━━━ SUPPLIED MATERIAL

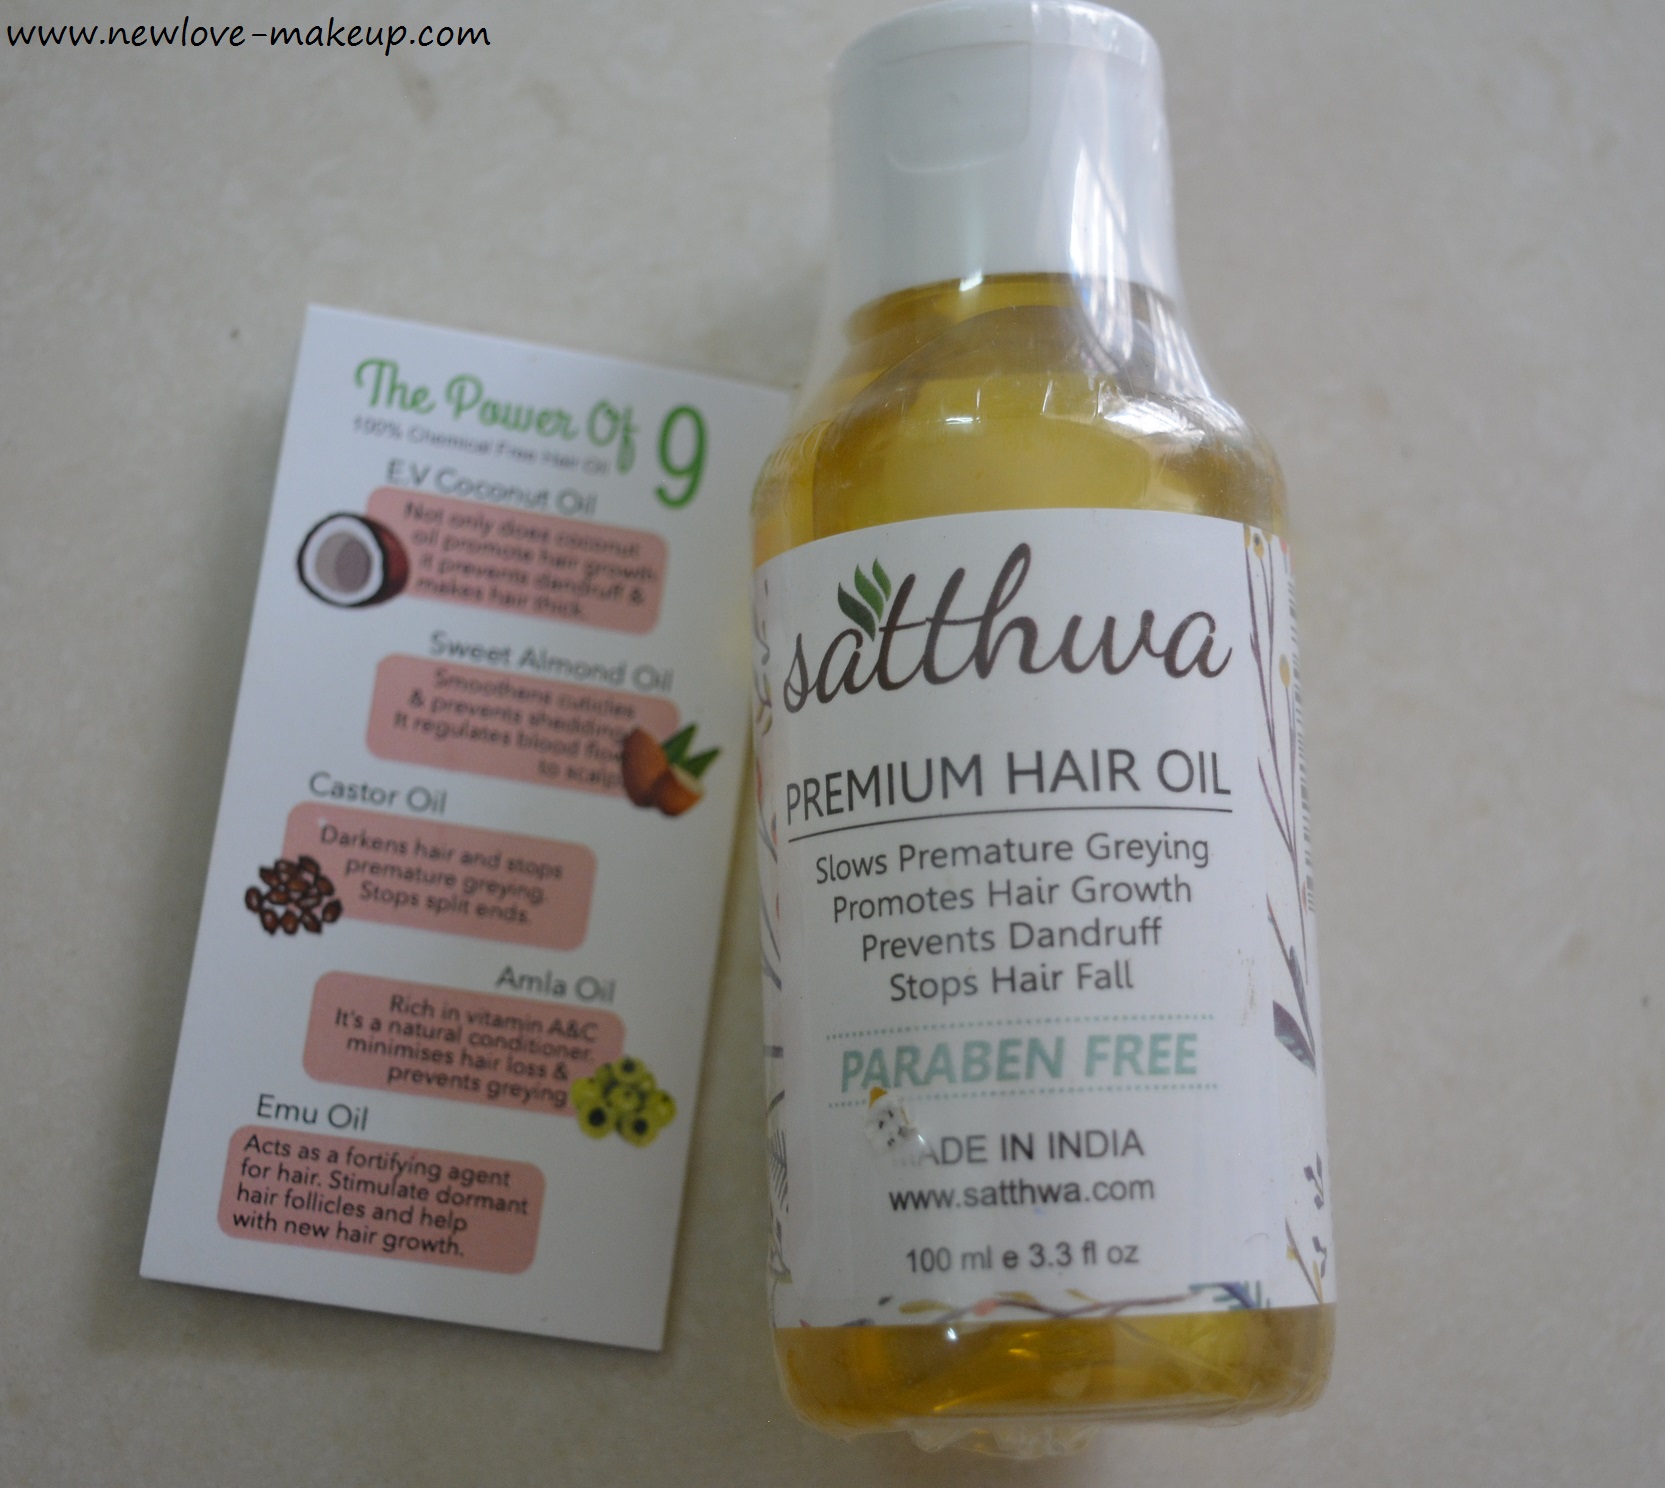 Satthwa Premium Hair Oil for Hair Fall Control & Hair Growth Review
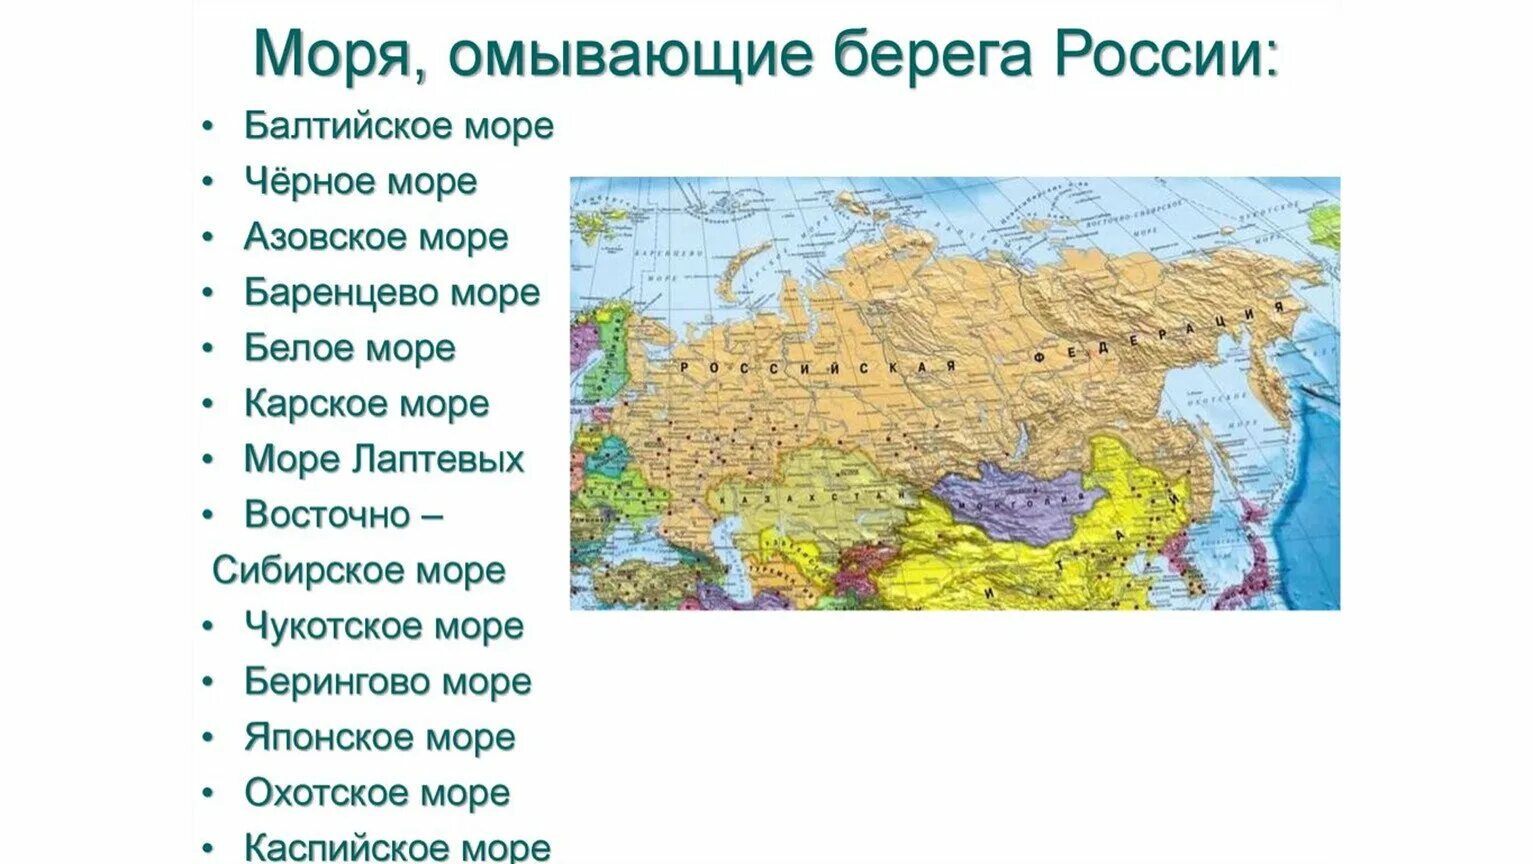 Количество морей в океанах. Сколько морей морей омывают Россию. Моря России список 12 морей. Моря омывающие границы России. Моря омывающииероссию.
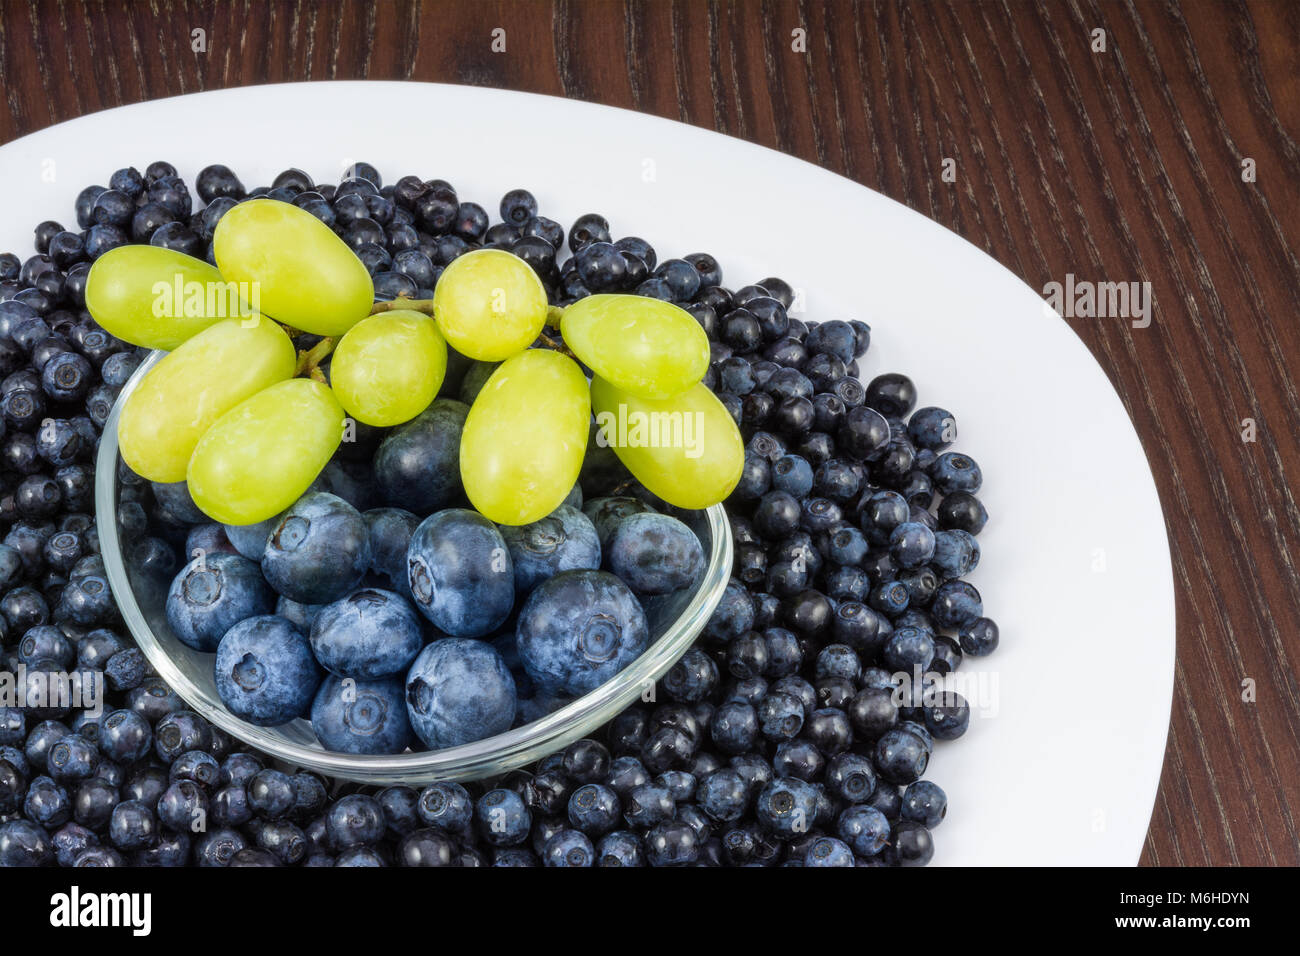 Les bleuets et grappe de raisins sur table. Vaccinium myrtillus. Close-up de plaque blanche avec des baies et bol en verre sur fond de bois. Banque D'Images
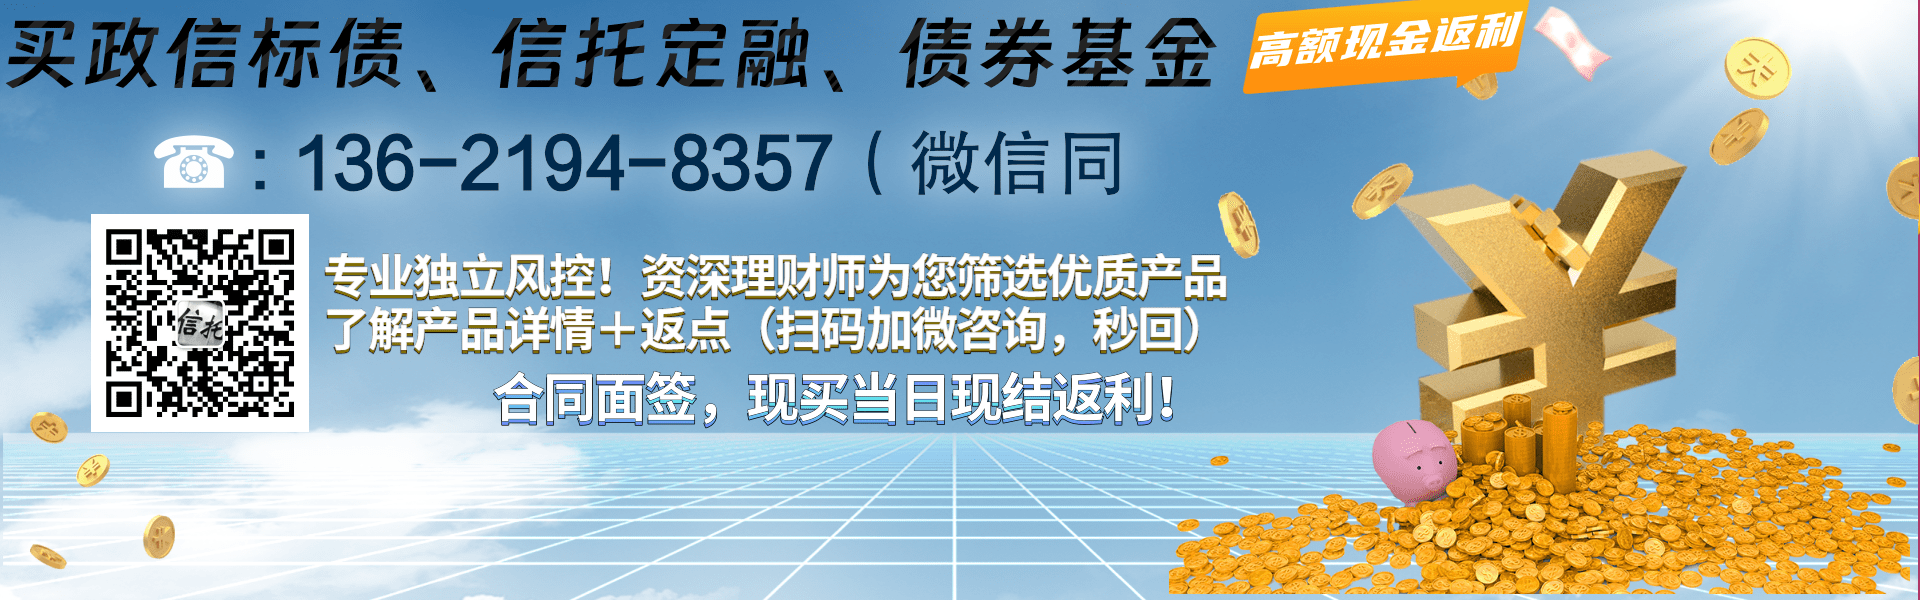 重庆九黎旅游控股债权资产项目城投债定融

━━━━━━

WHAT THE TASK REQUIRES
The entire listing above, word for word and without pictures, is what should be output.

ANSWER SECTION
 Satthwa Premium Hair Oil for Hair Fall Control & Hair Growth Review
 Количество морей в океанах. Сколько морей морей омывают Россию. Моря России список 12 морей. Моря омывающие границы России. Моря омывающииероссию.
 Les bleuets et grappe de raisins sur table. Vaccinium myrtillus. Close-up de plaque blanche avec des baies et bol en verre sur fond de bois. Banque D'Images
 重庆九黎旅游控股债权资产项目城投债定融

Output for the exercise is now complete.